I run an arboricultural consultancy (tree surveys) in the UK. I am looking to relocate to Portugal and for the first few years keep my business running in the UK which would mean flying back every few weeks to work. I anticipate being in Portugal 60% of the time but not working while I am in the country. I would pay tax as usual in the UK, would this cause problems with tax/ residency status etc in Portugal.

Many thanks.


----------



## travelling-man (Jun 17, 2011)

You only need to apply for residency here if you stay for more than 6 months at a time so if you return to the UK every few weeks you shouldn't have any problems....... good idea to make sure you keep your EHIC card up to date though.


----------



## Elp (Dec 27, 2015)

Thank you


----------



## TonyJ1 (May 20, 2014)

If you stay more than 6 months (183 days) you are tax resident in Portugal (60% of the time, is more than 183 days)

Effectively you will be providing cross border services - you need to look at the Portugual/ UK double tax treaty or get some professional advice on how this should be handled.


----------



## TonyJ1 (May 20, 2014)

travelling-man said:


> You only need to apply for residency here if you stay for more than 6 months at a time so if you return to the UK every few weeks you shouldn't have any problems....... good idea to make sure you keep your EHIC card up to date though.


If 'Elp's' main residence is in Portugal, it does not matter that he returns every few weeks to the UK - he still resident in Portugal. That is the law.

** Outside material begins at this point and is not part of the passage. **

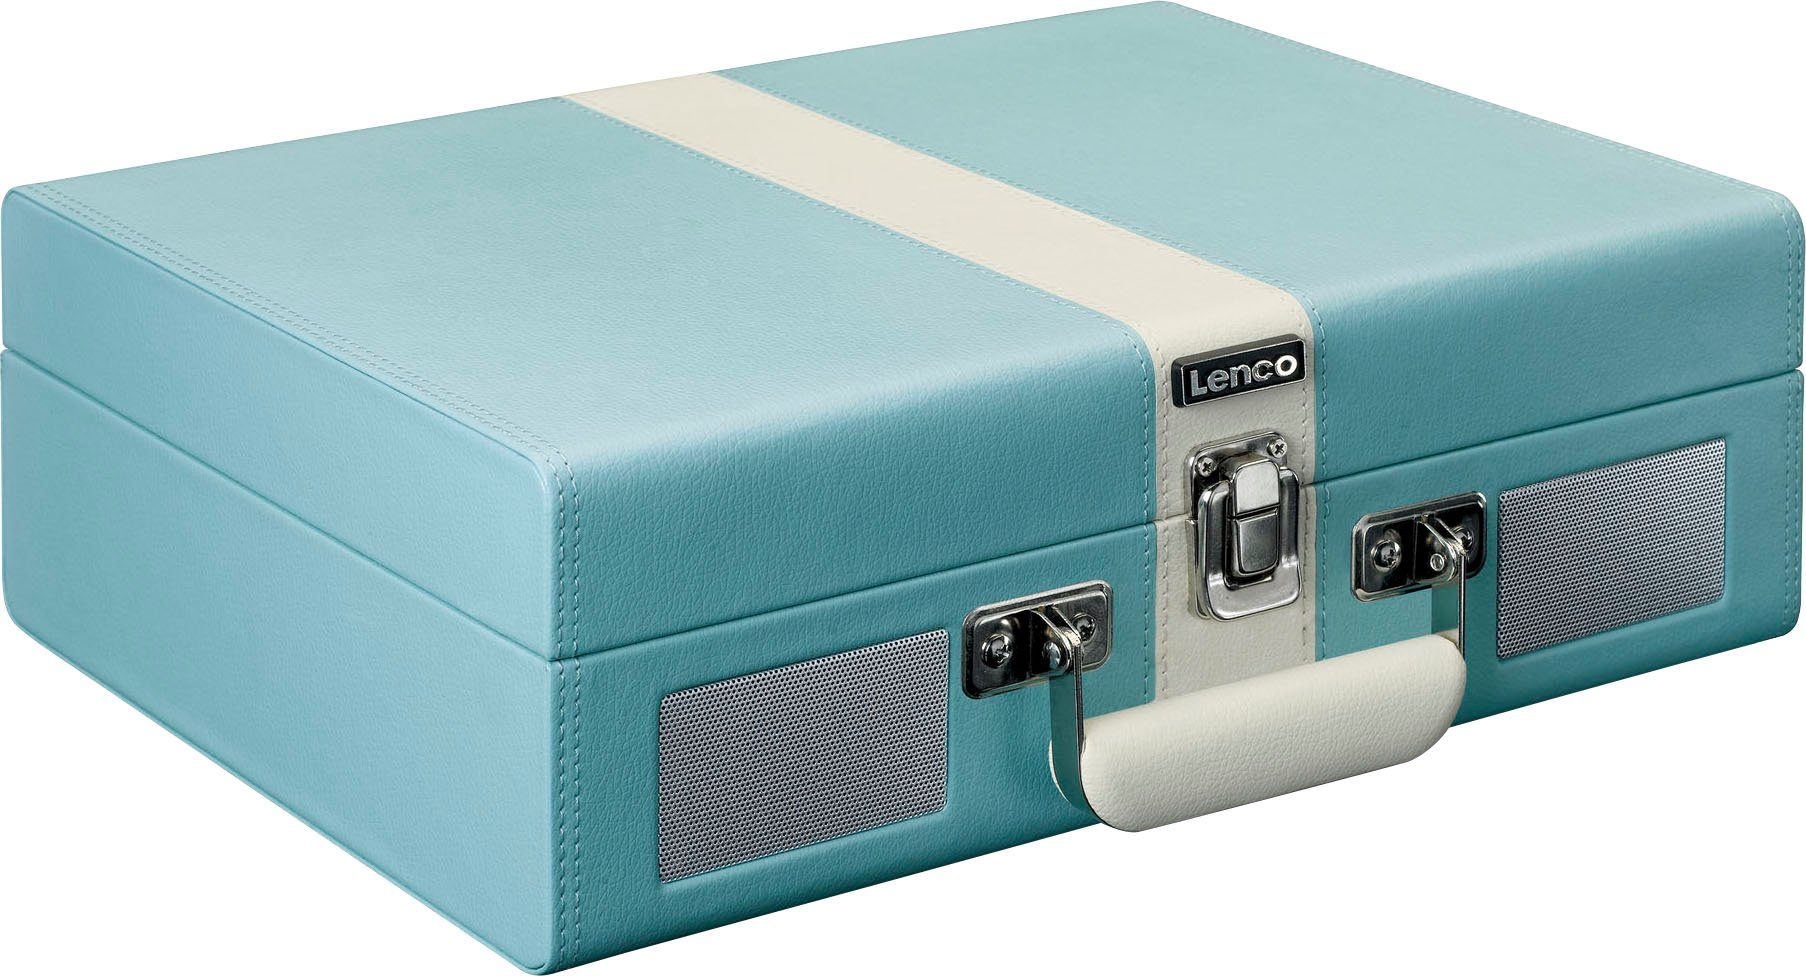 Lenco Koffer-Plattenspieler mit BT und eingebauten Lsp. Plattenspieler (Riemenantrieb) Blau-Weiß | Plattenspieler

In practical terms, he may get away with it, but he also runs the risk of being caught out sometime.


----------



## wink (Aug 23, 2011)

When I moved to Portugal eight years ago, I did everything by the book, residency, tax, drivers licence etc. In my area there are a large number of expats, mostly British and a good many of them appear to live quite happily under the radar and will brag about the fact. Driving UK registered cars without tax, or MOT, one guy has three UK plated performance cars that stand out a mile and has lived here for three years. Running unregistered rental properties and paying no tax. There is even a large food stall at one of the Sunday markets selling all manner of British foodstuffs, none of which bear the obligatory list of ingredients in Portuguese. It seems to me that depending where you live in Portugal, you can get away with murder!


----------